Preparar a matriz numérica que será usada para encontrar vizinhos mais próximos.

Ações realizadas:

Imputação de missing numérico

Padronização das variáveis

Justificativa técnica:

KNN é sensível à escala. A padronização evita que variáveis com magnitude maior

dominem o cálculo de distância.

Resultados esperados:

Matriz numérica padronizada pronta para o cálculo de vizinhança.

imputer_graph = SimpleImputer(strategy="median")
scaler_graph = StandardScaler()

X_graph_num = imputer_graph.fit_transform(df1_features[graph_num_cols])
X_graph_scaled = scaler_graph.fit_transform(X_graph_num)

print("Shape da matriz do grafo:", X_graph_scaled.shape)

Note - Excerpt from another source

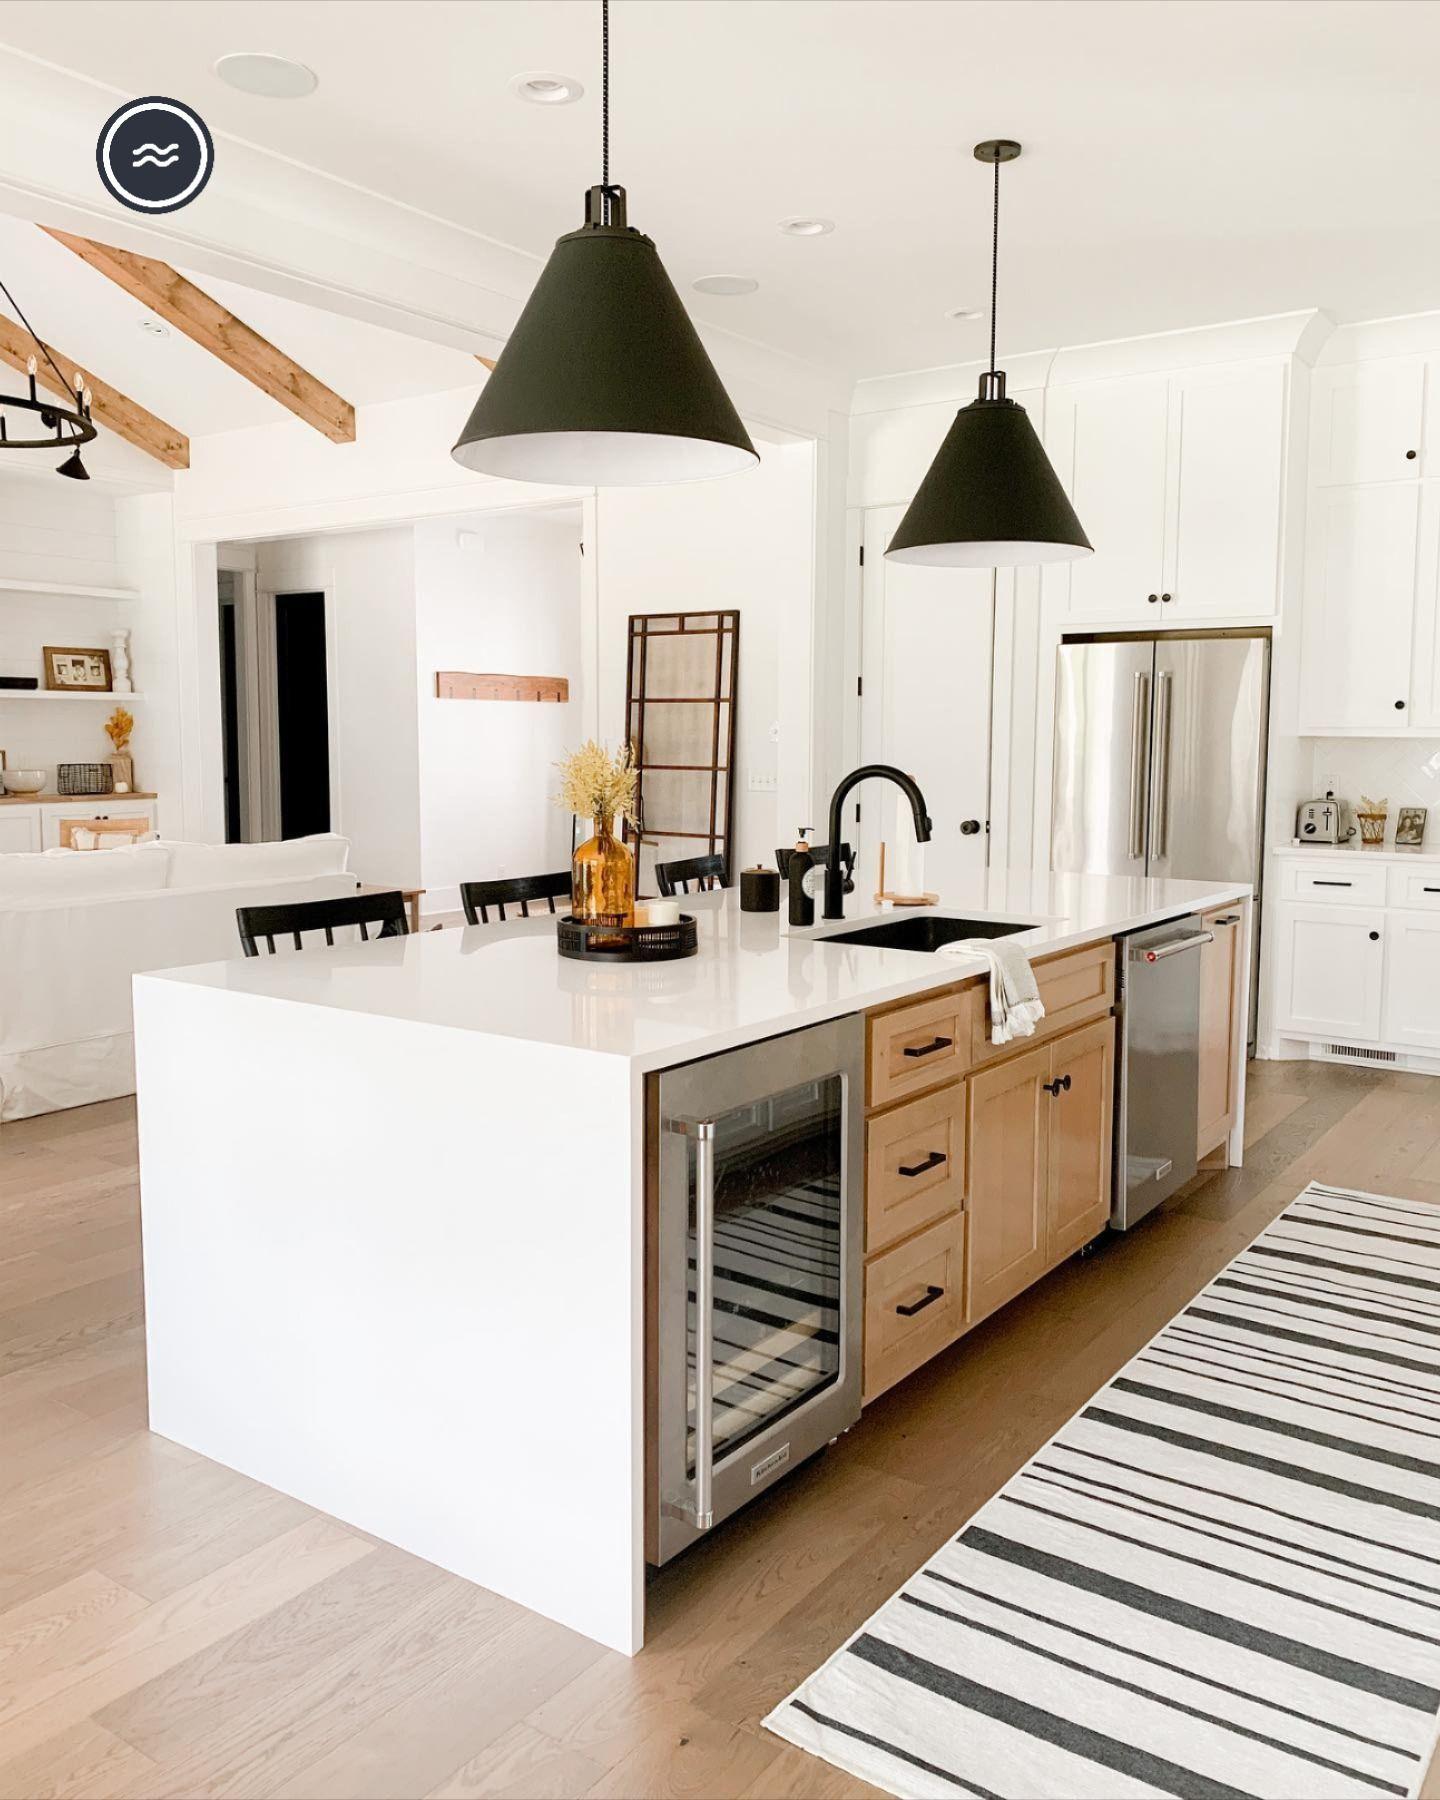 Hudson Stripe Black Rug In 2021 Home Decor Kitchen Kitchen Design Interior Design Kitchen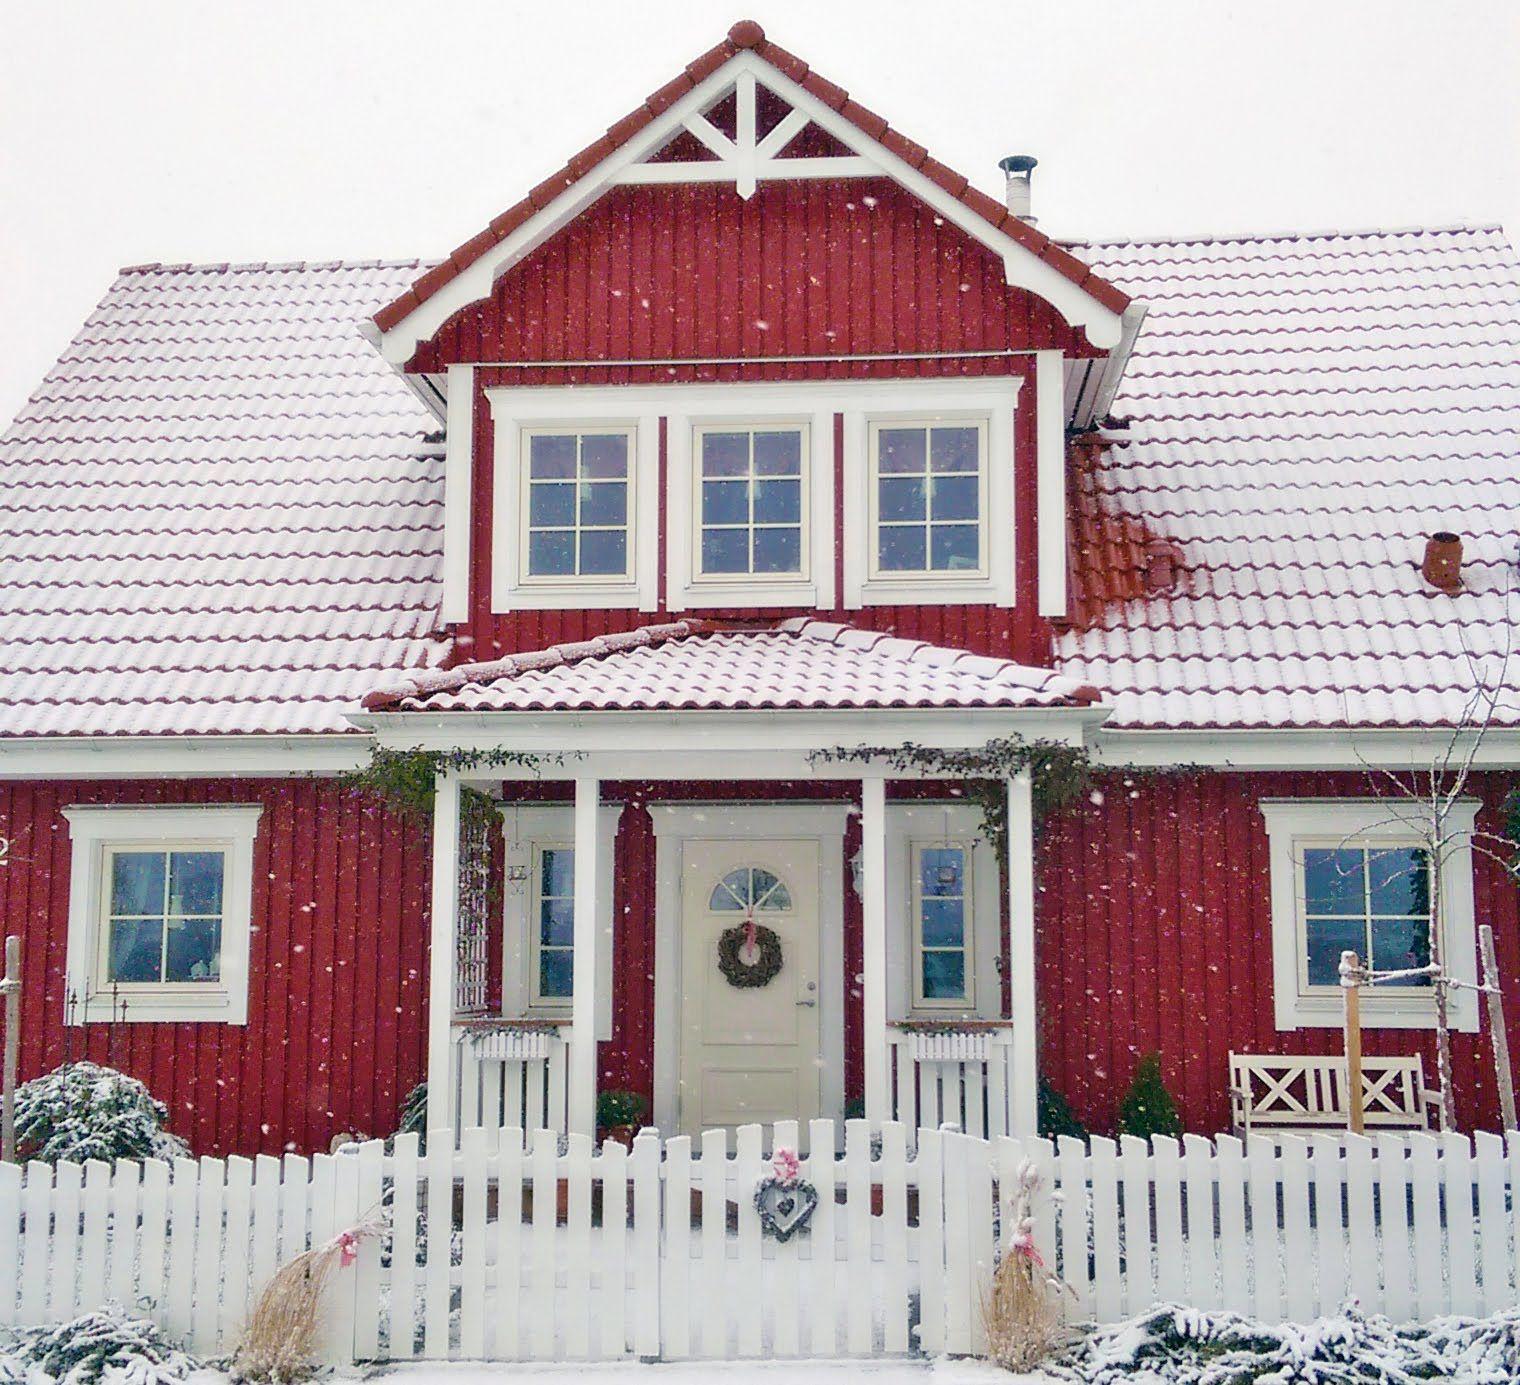 Das Ferienhaus in Kanada … | Pinteres…

Shape da matriz do grafo: (5000, 11)

✔️ 7. Construção do grafo KNN¶

Objetivo:

Construir um grafo de similaridade entre clientes usando k-vizinhos mais próximos.

Ações realizadas:

Ajuste do algoritmo NearestNeighbors

Criação de arestas entre clientes similares

Registro da distância entre clientes

Justificativa técnica:

Como não há arestas explícitas entre clientes na base, modelamos relações

por similaridade de perfil. Isso cria uma estrutura relacional útil para

extração de sinais geométricos.

Resultados esperados:

Grafo não direcionado com nós = clientes e arestas = similaridade.

nbrs = NearestNeighbors(
    n_neighbors=K_NEIGHBORS + 1,   # +1 porque o primeiro vizinho é ele mesmo
    metric="euclidean"
)
nbrs.fit(X_graph_scaled)

distances, indices = nbrs.kneighbors(X_graph_scaled)

G = nx.Graph()

# adiciona nós
for customer_id in df1_features[ID_COL].tolist():
    G.add_node(customer_id)

# adiciona arestas
customer_ids = df1_features[ID_COL].tolist()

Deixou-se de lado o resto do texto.